Há um movimento pulsional destrutivo em ação (necropulsão ou pulsão de morte). Sigmund Freud considerava que o vínculo social servia para erotizar a agressividade — as paixões primitivas que se são afloradas. Não seria preciso muito esforço para encontrar matérias expondo práticas racistas, sexistas, xenófobas – as paixões primitivas, como o ódio, afloradas, mas isto ganha corpo quando compartilhadas por pares.

 

Apologia ao nazismo

“Você acha que é errado a Alemanha criminalizar o nazismo?”, pergunta a deputada Tabata Amaral (PSB). “Acho”, responde o deputado Kim Kataguiri (Podemos). O diálogo foi durante o Flow Podcast em 7 de fevereiro, quando o apresentador Bruno Aiub, conhecido como Monark, engrossou o coro com Kim, ao defender a existência de um partido nazista. A ascensão do nazismo na Alemanha se deu pelas vias legais, por meio de eleições. O assassinato em massa de judeus, ciganos, deficientes físicos e mentais, poloneses, comunistas, afrogermanos, homossexuais foi executado na legalidade do regime (1933-1945).

Neste contexto, a discussão sobre quem é matável no Brasil (necropolítica) não se limita ao outro na polarização política ou ao que escapa do padrão homem-branco-ocidental-adulto-heterossexual. Há sempre um mais-de-gozar. A autodestruição inclui todos. Essa síntese é também a conclusão de Adorno ao fenômeno do nazismo, mas que, em outras obras, inclui as democracias que se encaminham para o totalitarismo de mercado (neoliberalismo): “O desejo psicológico inconsciente de auto manipulação reproduz fielmente a estrutura de um movimento político que, em última instância, transforma seus seguidores em vítimas”.

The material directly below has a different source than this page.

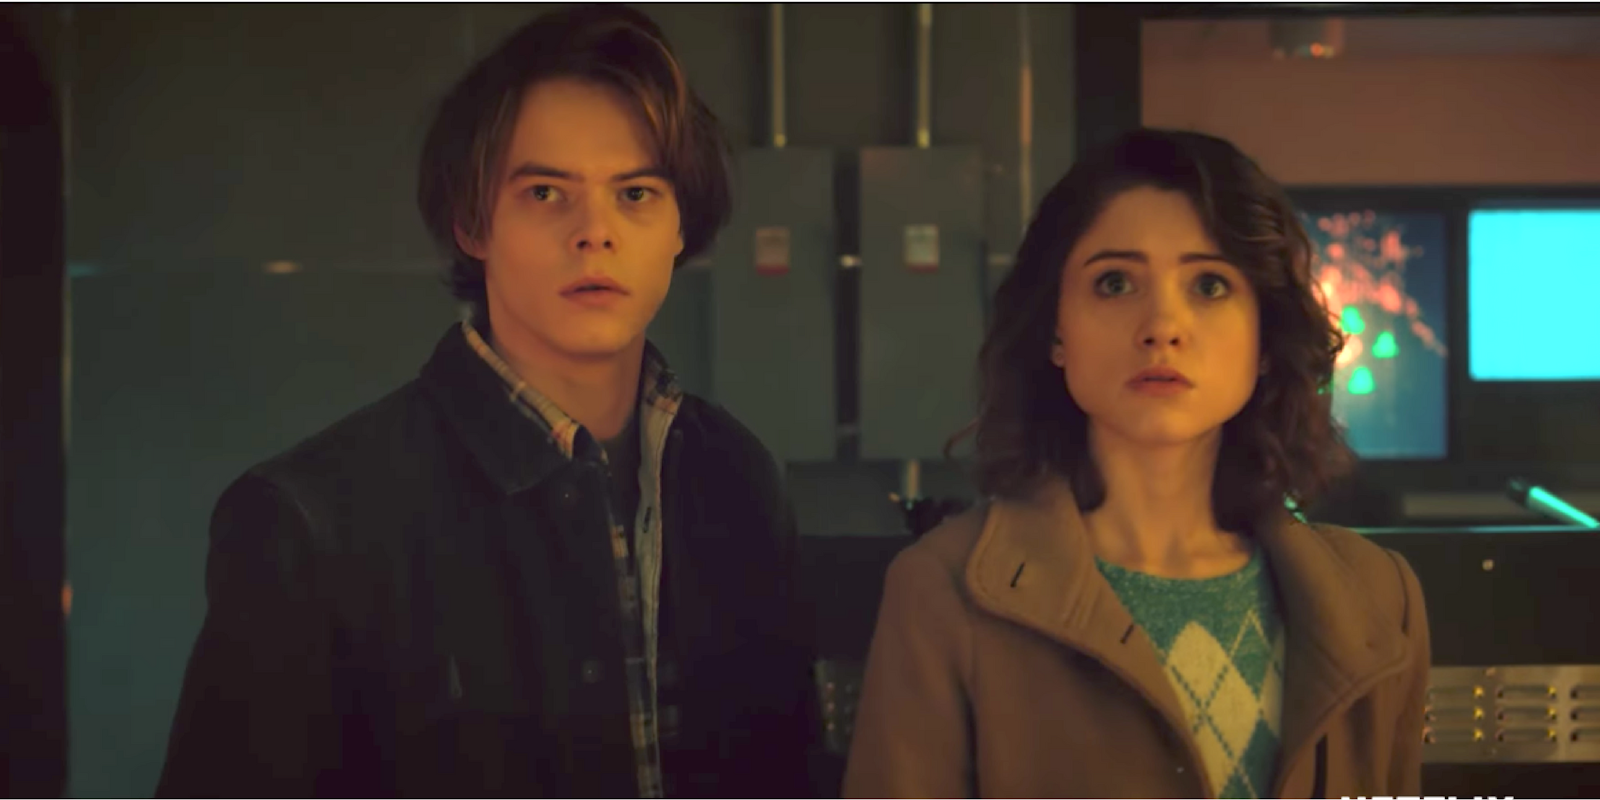 A scene from the 'Stranger Things' trailer featuring Charlie Heaton

Ser contrário à criminalização do nazismo na Alemanha ou favorável à legalidade de um partido nazista tem como pano de fundo o extermínio das diferenças. O Movimento Brasil Livre (MBL) tem se definido desde sua criação como um movimento de extrema-direita, o que torna coerente a enunciação de Kim contrária à criminalização do nazismo.

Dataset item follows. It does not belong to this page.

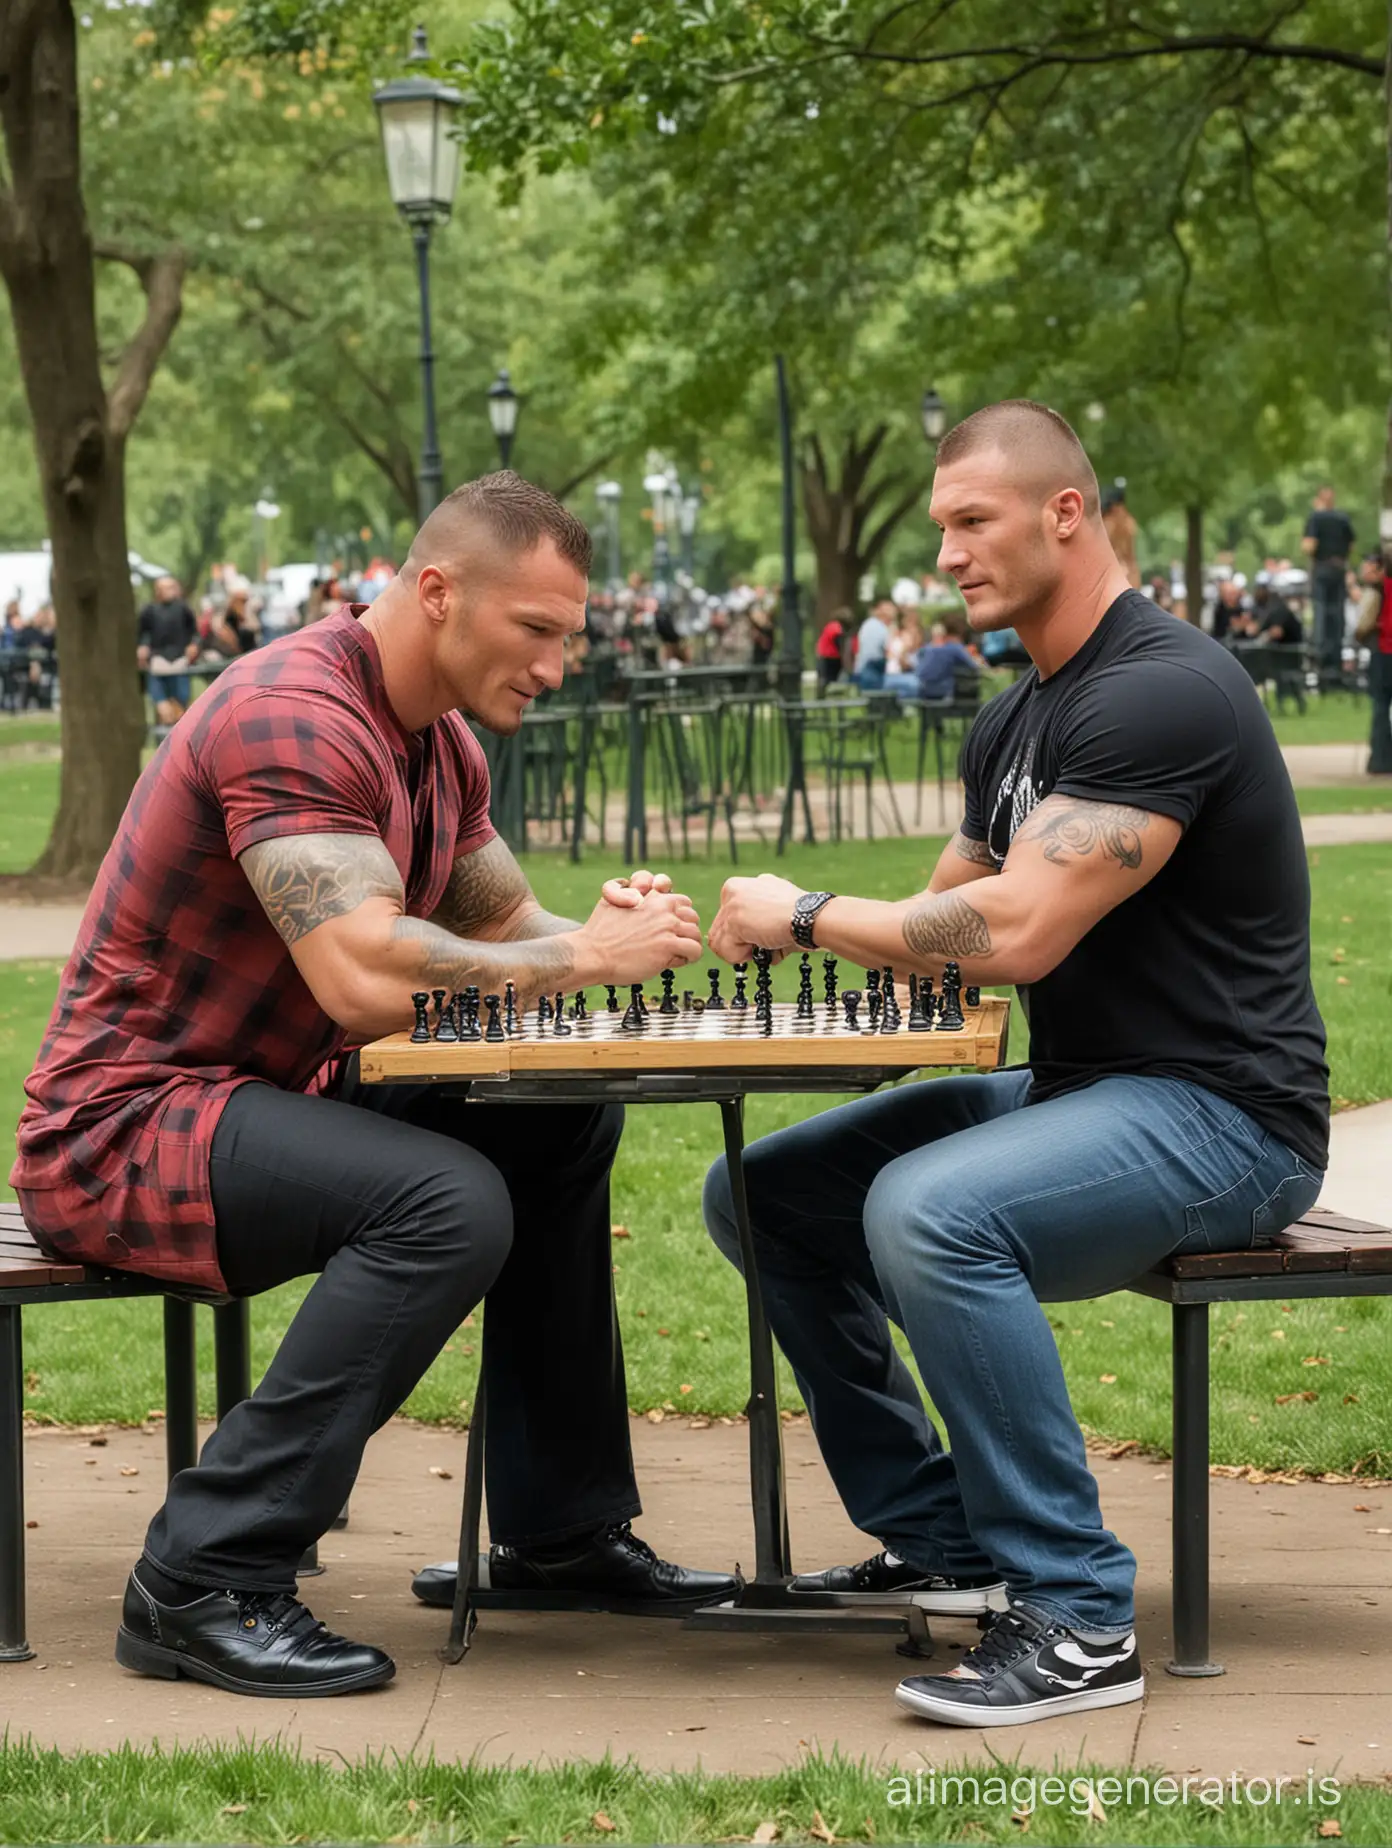 Randy-Orton-and-Edge-Strategize-in-Intense-Chess-Match-at-the-Park

Paira no discurso da extrema-direita a noção de liberdade na perspectiva também observada por Adorno ao falar do fascismo: “As pessoas manipulam a tal ponto o conceito de liberdade, que ele acabou por se reduzir ao direito dos mais fortes e mais ricos de tirarem dos mais fracos e mais pobres o que estes ainda têm”. Boa síntese para entender a política desses movimentos de extrema-direita e do governo atual.

 

José Isaías Venera é jornalista e professor da Universidade da Região de Joinville (Univille).